La mujer frunció el ceño para quejarse de su sarcasmo.
Del hotel salieron dos vaqueros, ambos fumando grandes puros. Tinafey esperó a que pasaran y le dijo a Petty:
—¿Y no podría quedarme contigo esta noche?
—¿A qué te refieres?
—Aún te debo una fiesta.
—No te preocupes por eso.
—Te prometo que, en cuanto amanezca, me largo. —Le tocó las manos—. Tengo miedo.
Y era evidente que lo tenía. Petty la miró a los ojos y se dio cuenta de que aquello no era un timo. Aunque sabía que no era buena idea, sacó la maleta del maletero y, si bien se sintió como un gentil caballero al hacerlo, no pudo evitar pensar que algo malo se le venía encima.
—¡Qué coño! Un par de copas y unas risas.
—Así me gusta, cielo —respondió ella con un ronroneo—. Copas y risas.
Tinafey se le acurrucó mientras pasaban por la puerta doble del hotel y se dirigían al casino, donde los recibió la eterna promesa de calidez, luz y un futuro que podía cambiar en un abrir y cerrar de ojos.
En su sueño, Petty era incapaz de leer las señales de tráfico. Estaba perdido, desesperado, en una interestatal por la que, sin duda, no era la primera vez que conducía. Se le mezclaban números y letras que pasaban a toda velocidad y las flechas luminosas apuntaban en todas las direcciones. Qué alivio sintió cuando despertó de repente y se dio cuenta de que estaba en la habitación del Sands, tumbado en la cama en vez de sudoroso, al volante de su coche. El sol quemaba con fuerza las rendijas de las opacas cortinas y Tinafey dormía en silencio, lejos de su alcance, dándole la espalda, tirando de la sábana.
La noche anterior habían necesitado más de dos copas para relajarse, para echarse esas risas. Sin embargo, en el momento en que habían empezado a pasarlo bien, se habían entregado a ello con el celo de la gente que sabe lo escasos que son los buenos momentos. Bailaron un poco, juguetearon un poco y se olvidaron por completo de la posibilidad de que Bo apareciera por allí, tambaleándose, ávido de venganza. «Le he dado tan fuerte que, ese, ahora mismo, es incapaz hasta de arrastrarse —le había asegurado Tinafey—. Le he dado tan fuerte que está viendo las estrellas... en otro planeta».
Acabaron en la cama, con la mujer cabalgando encima de él como si fuera un caballo corcoveando. Petty recordaba cada uno de los movimientos de cabeza de ella, cada brinco de sus pechos, y que su coño lo sujetaba como si no fuera a soltarlo jamás. Cuando terminaron, la mujer se inclinó para darle un beso, pegó su pecho sudoroso al de él y le susurró: «Cariño, me has dejado para el arrastre». Petty se quedó frito con una sonrisa en los labios.

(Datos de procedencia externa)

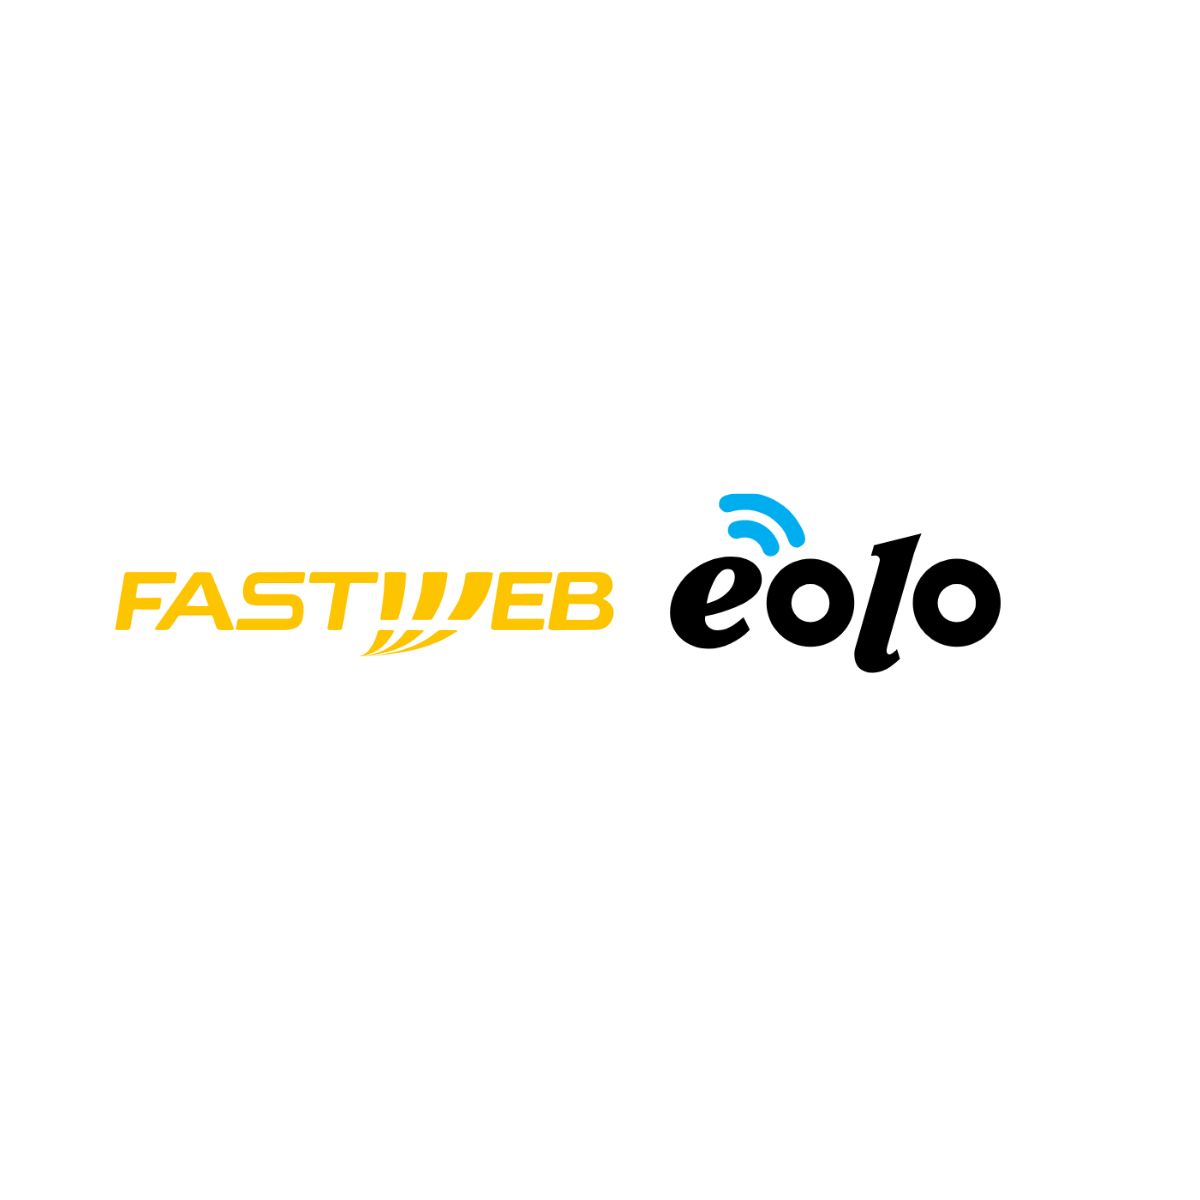 fastweb eolo

Y volvió a sonreír al verla dormida a su lado.
«Me gusta esta chica».
Y a ella debía de gustarle él si se había sentido tan cómoda como para quedarse con él toda la noche. Se planteó despertarla para ver si quería un café del bar de la planta baja, pero decidió dejar que siguiera durmiendo.
Se vistió con unos pantalones de chándal y una sudadera con capucha y se peinó. Antes de salir de la habitación se puso el reloj y cogió la cartera y el teléfono. En una ocasión, en Las Vegas, una prostituta se había largado con toda la pasta que le quedaba y, por mucho que le gustara Tinafey, no era de esos que tropezaban dos veces con la misma piedra.
La fila del bar llegaba hasta el casino. Petty se puso a la cola. El cotorreo incesante de las tragaperras incrementaba el dolor de cabeza que tenía por culpa de la resaca. «¡Rueeeda... de... la... fortunaaa!», gritó una de las máquinas por encima de oleadas de aplausos enlatados mientras otra emitía a todo volumen el sonido de monedas tintineando en una bandeja de metal a pesar de que pagara con un tique de papel que se tenía que canjear en el cajero.